It is hard to see bitcoin’s price surge as anything other than a bubble that will ultimately collapse. Bitcoin’s ostensible social function as an anonymous, nongovernmental means of payment carries big risks of its demise. And while blockchain, the platform that records bitcoin transactions, may well have staying power, there is no reason to believe it needs to rely on bitcoin for its success.
Bitcoin’s promoters claim that bitcoin will outshine the dollar because it offers anonymity as well as safety from reckless monetary policies (since the supply of bitcoins is determined by an algorithm rather than a politicized central bank that may choose to print money).
These arguments are clever. They could be correct. On balance, they are probably misplaced. The dollar and other national currencies are legal tender that can be used to extinguish a private debt or a public obligation such as a tax.
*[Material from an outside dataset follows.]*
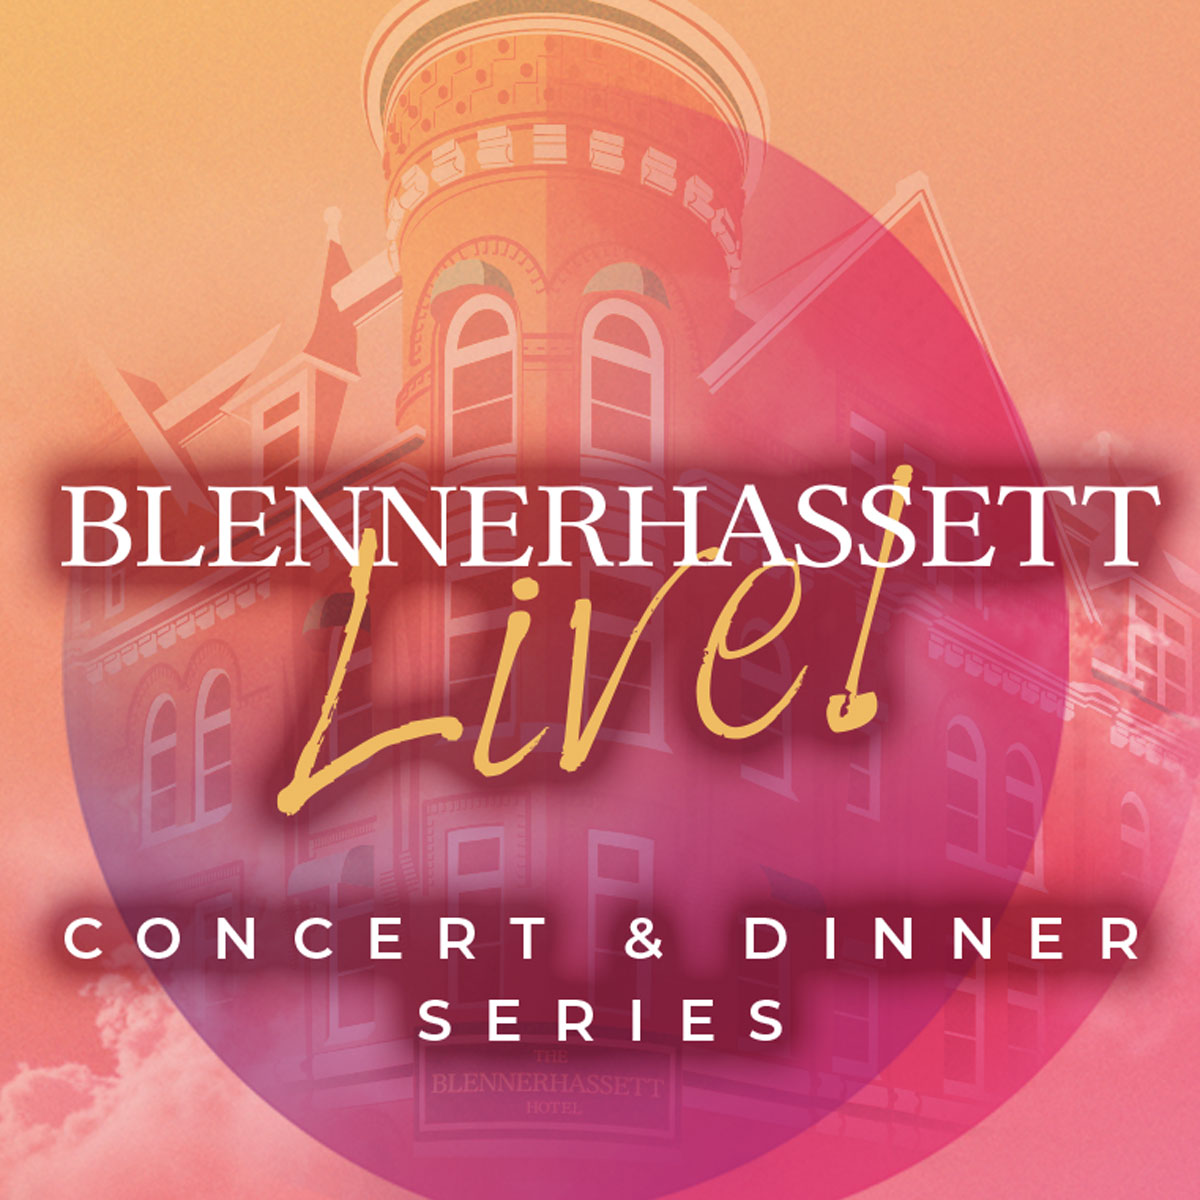 Blennerhassett Live! Concert and Dinner Series

No governments accept bitcoins for taxes, and none are likely to do so in the future, as that would forfeit the government’s seignorage (resources the government claims through its monopoly on legal tender) and would lessen its control over the money supply. Nor is any individual or business obligated to accept bitcoins in payment for debts in national currencies.
Bitcoin’s anonymity is also its practical weakness. Governments insist on being able to trace financial transactions. They fight tax evasion, economic crimes, and terrorism by following the money. Some governments, of course, also monitor the activities of their political foes in the same way.
Governments are not likely to give up such prerogatives easily. Many observers claim (though without much hard evidence) that bitcoin transactions are heavily directed toward human and drug trafficking, tax evasion, and other illicit activities. Whether or not that’s true, it surely could be, and will likely become the leading justification for suppressing the trade in bitcoins, threatening its long-term value.
Bitcoin supporters emphasize the remarkable innovativeness of blockchain, the decentralized ledger that tracks the flow of bitcoin trades and updates the record of ownership. Many businesses and organizations are indeed turning to blockchain or to more updated variants as innovative ways to record financial transactions, votes, contracts, and other claims, without the need for a government or central clearinghouse.
Yet bitcoin owns no patent on blockchain or other decentralized ledgers. The creativity of the methodology has no bearing on the market price of bitcoins. One can marvel in the idea of blockchain without believing that bitcoin will retain its current market value.
It’s hard to see any real case at all for the 14-fold increase in bitcoin prices during 2017, or the 30-fold increase since the start of 2016. Actual transactions in bitcoin remain very small. Only a few hundred thousand merchants supposedly accept bitcoin, and many of those businesses are shadowy or worse.